MATERIAL PROVIDED below:

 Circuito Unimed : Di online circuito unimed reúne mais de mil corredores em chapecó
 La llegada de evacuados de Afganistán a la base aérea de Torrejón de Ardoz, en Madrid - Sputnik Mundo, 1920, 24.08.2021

End of MATERIAL PROVIDED.
MATERIAL PROVIDED below:

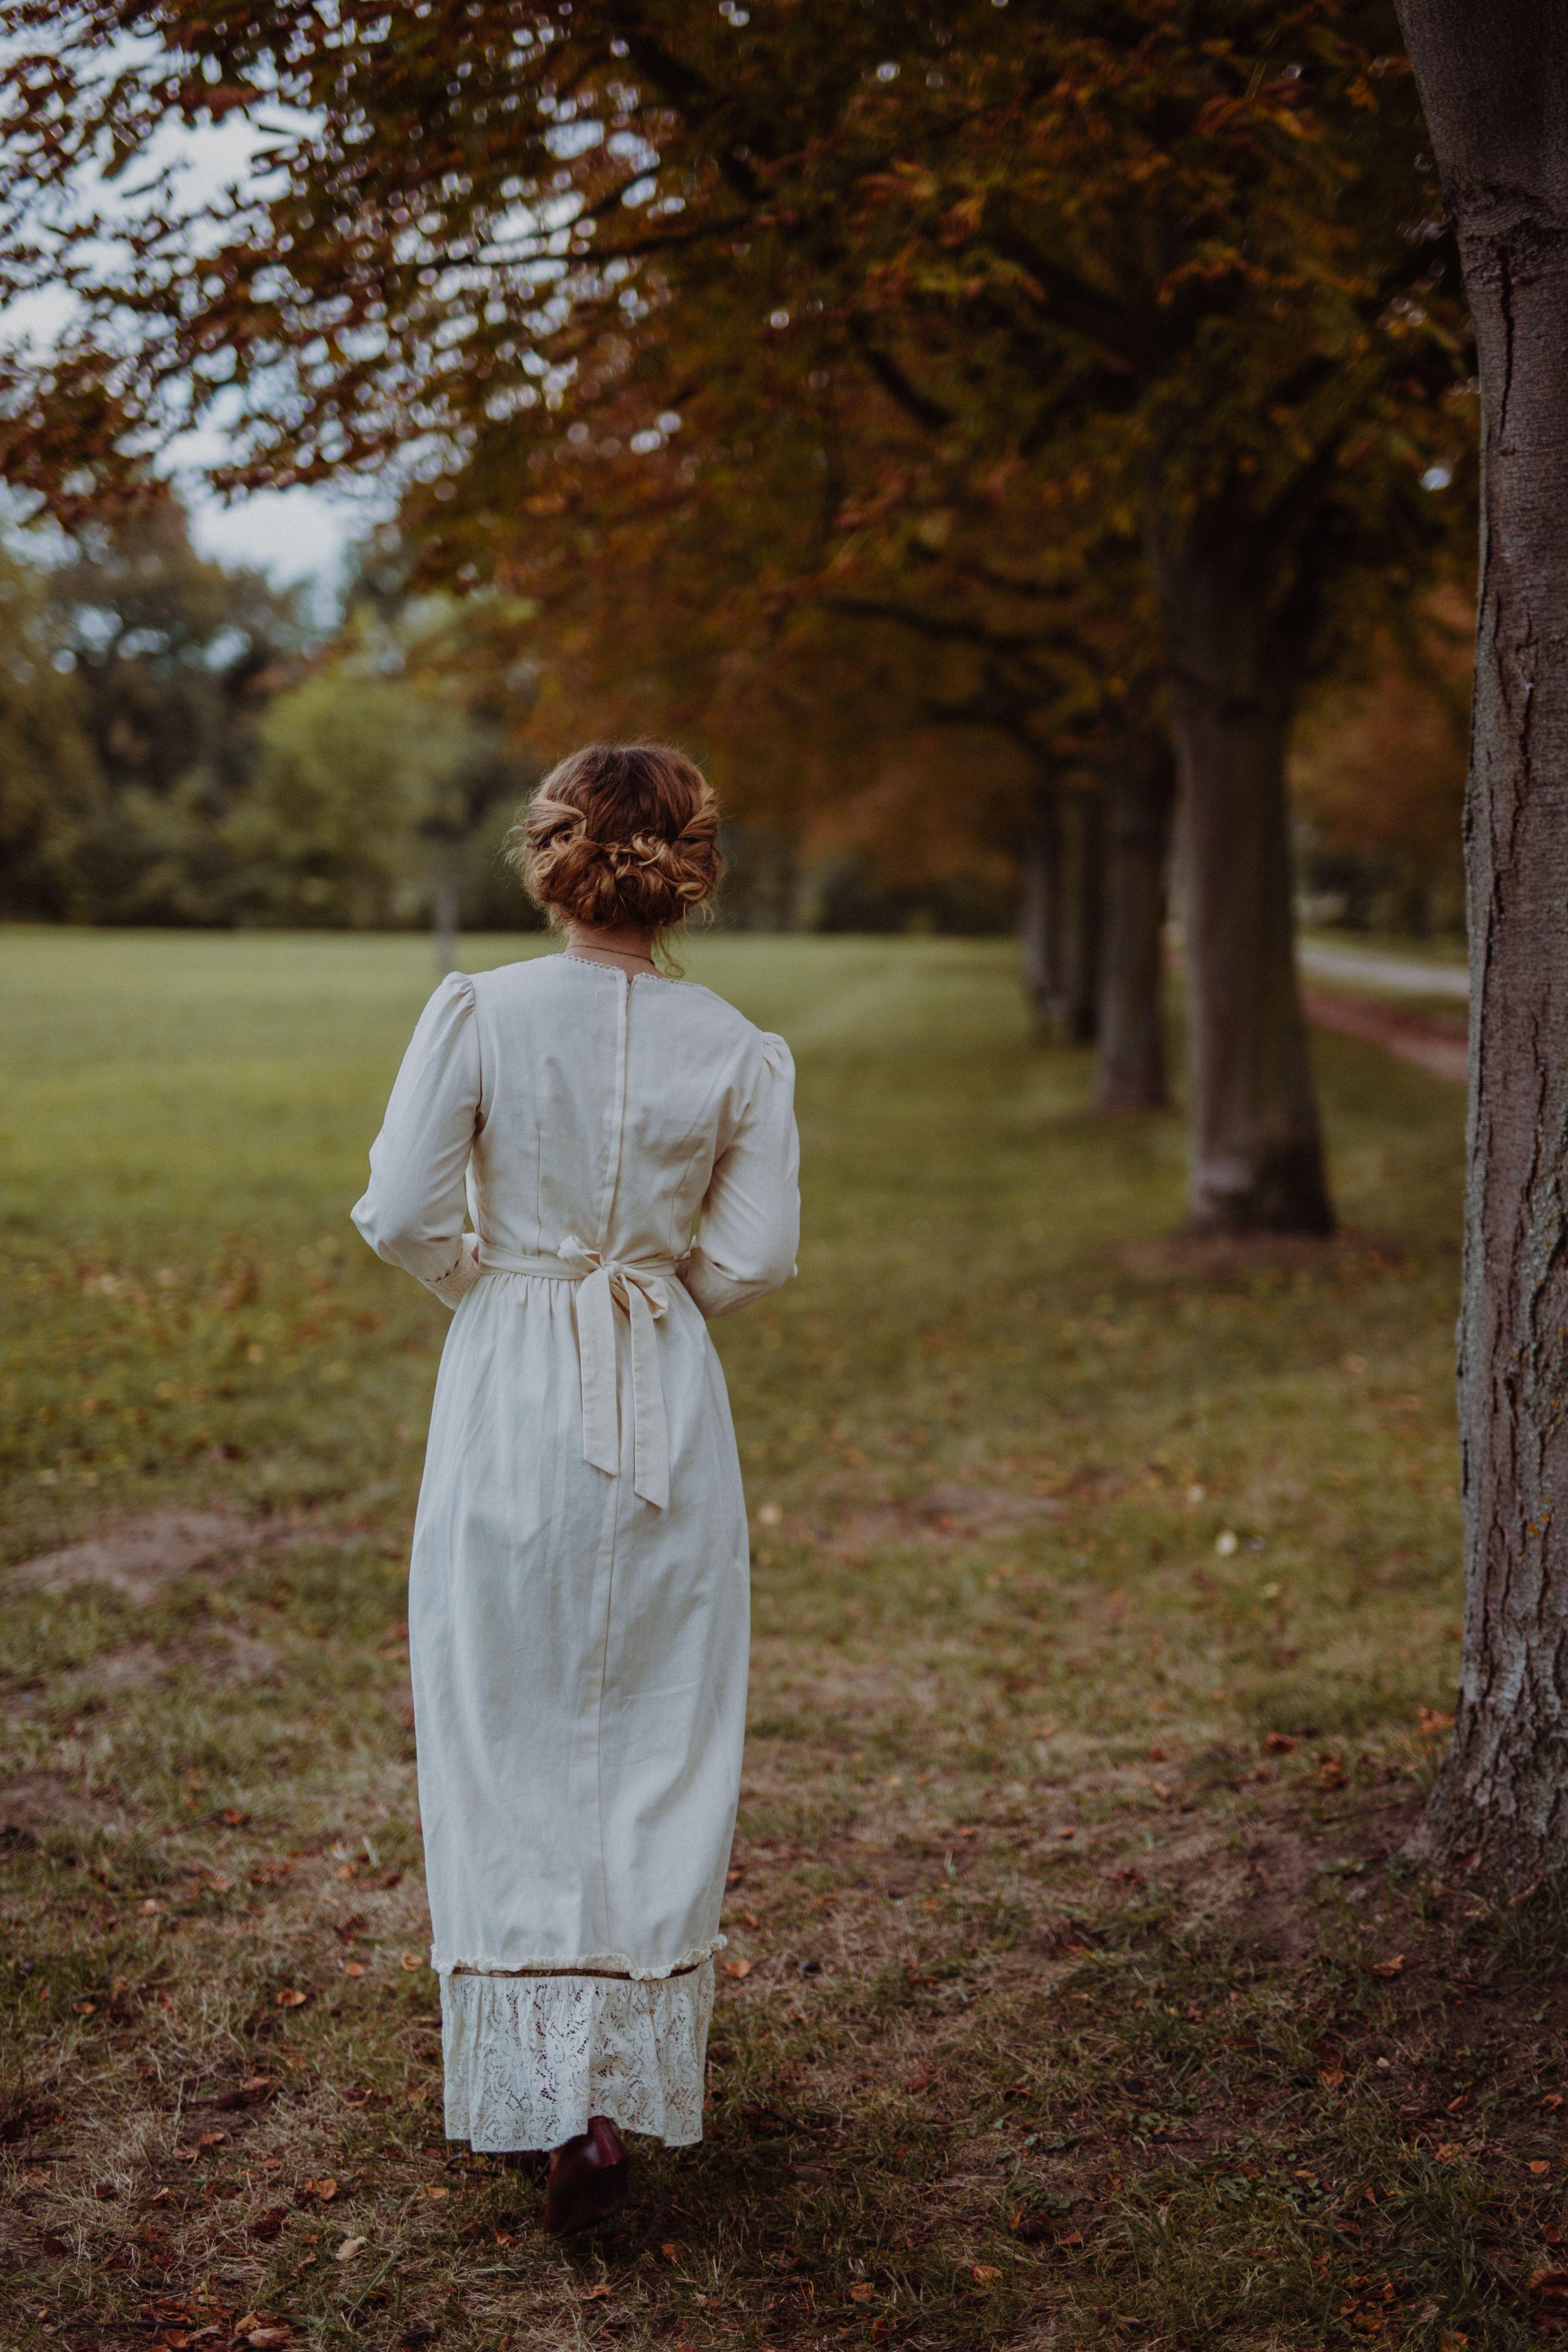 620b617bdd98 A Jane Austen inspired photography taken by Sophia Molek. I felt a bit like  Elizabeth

End of MATERIAL PROVIDED.
MATERIAL PROVIDED below:

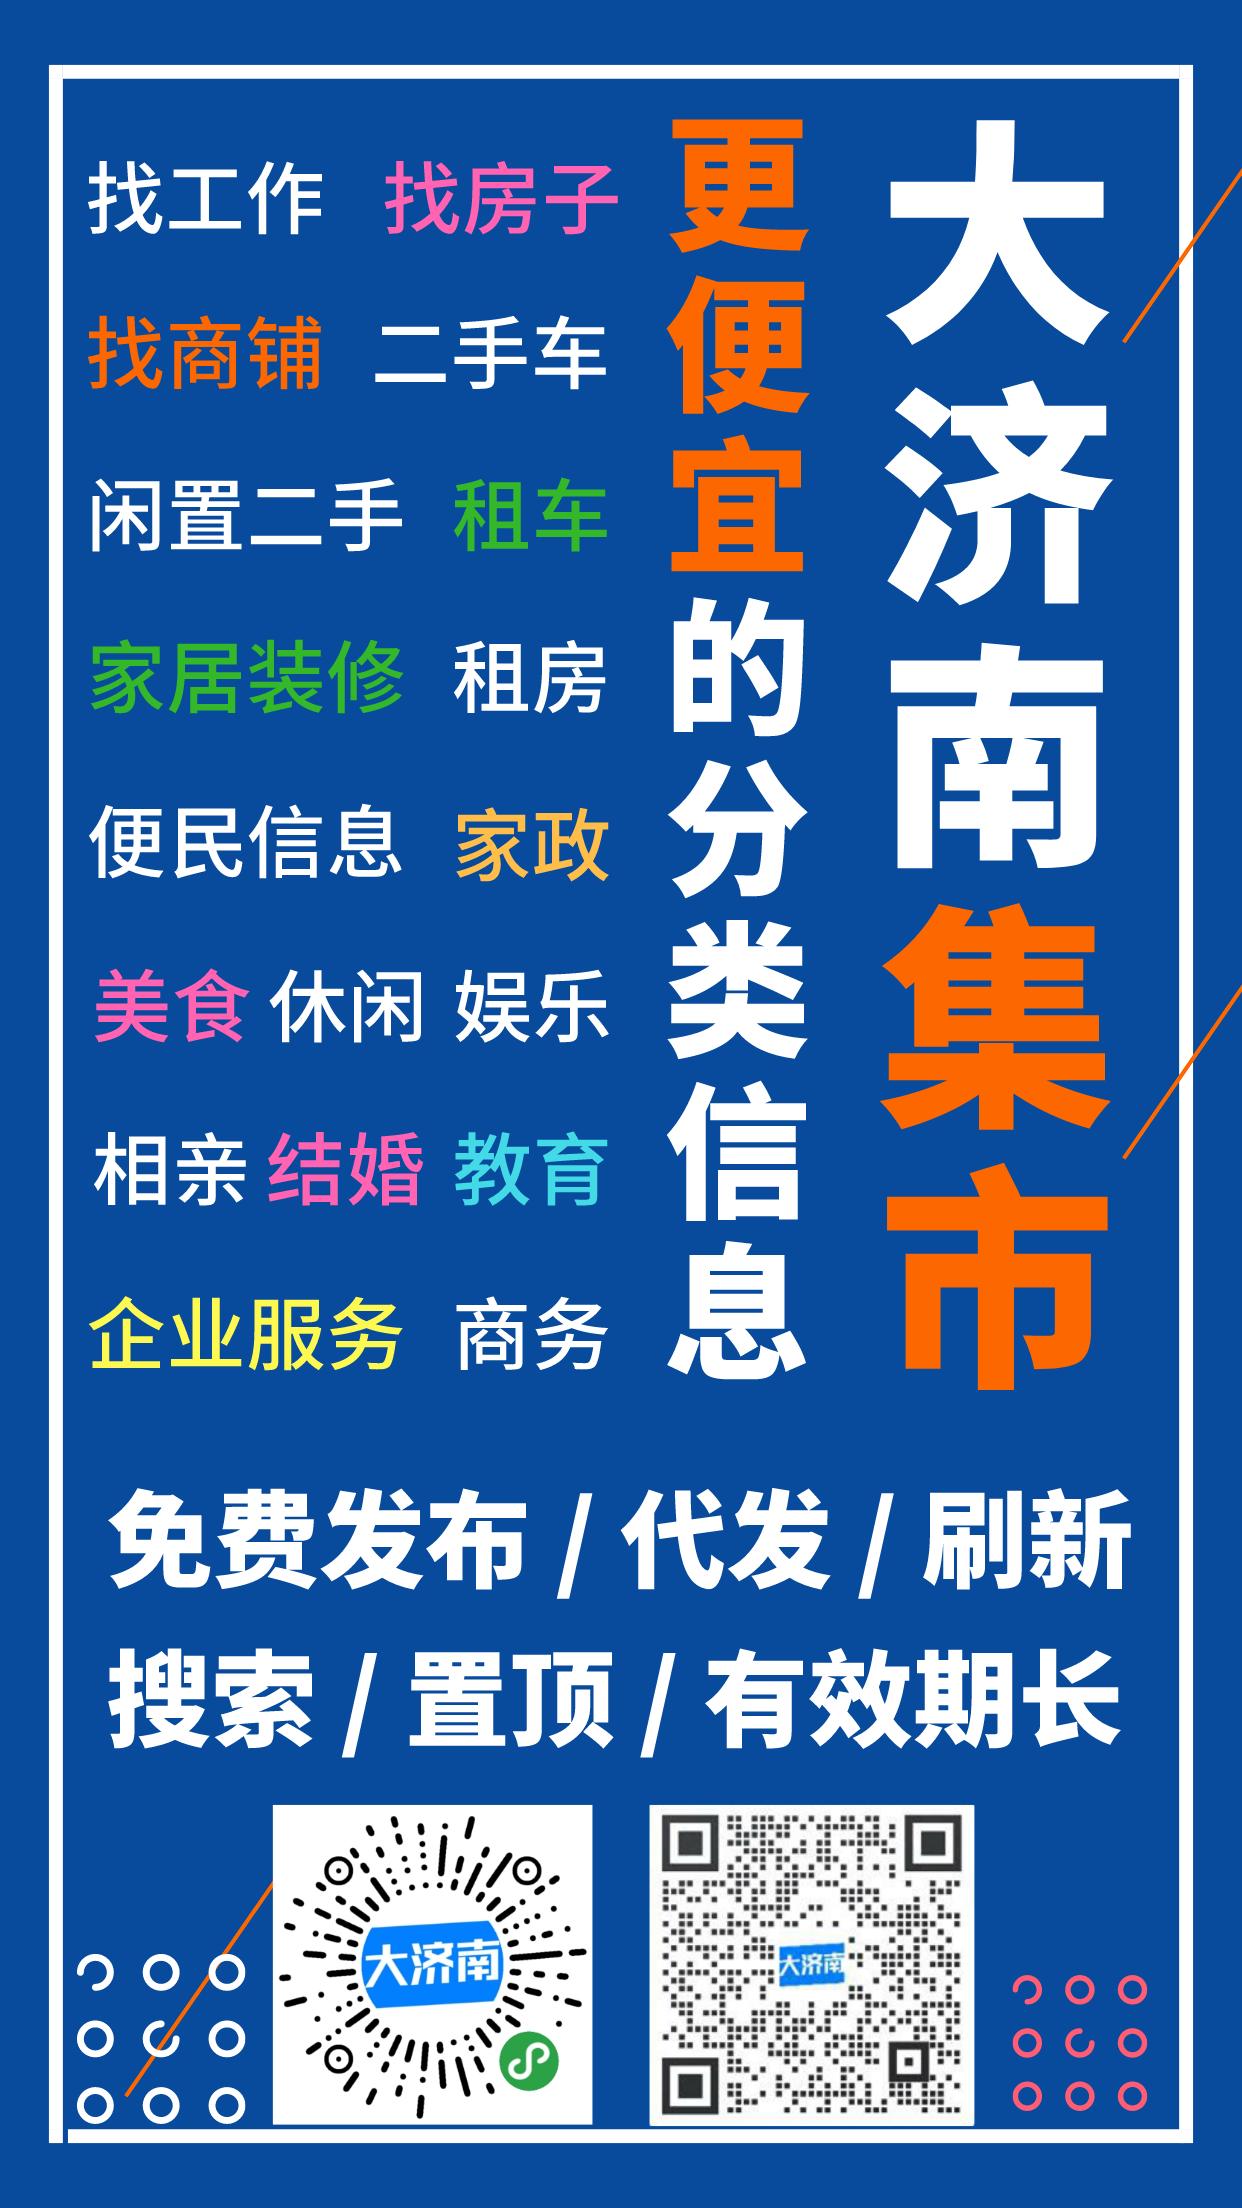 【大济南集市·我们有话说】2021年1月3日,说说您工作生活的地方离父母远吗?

End of MATERIAL PROVIDED.

◆ EXERCISE INSTRUCTIONS
Set down exactly the lines of the data above, beginning with the line that has "Circuito Unimed : Di" and ending with the line that has "La llegada de", and no others.

◆ WRITTEN SOLUTION
 Circuito Unimed : Di online circuito unimed reúne mais de mil corredores em chapecó
 La llegada de evacuados de Afganistán a la base aérea de Torrejón de Ardoz, en Madrid - Sputnik Mundo, 1920, 24.08.2021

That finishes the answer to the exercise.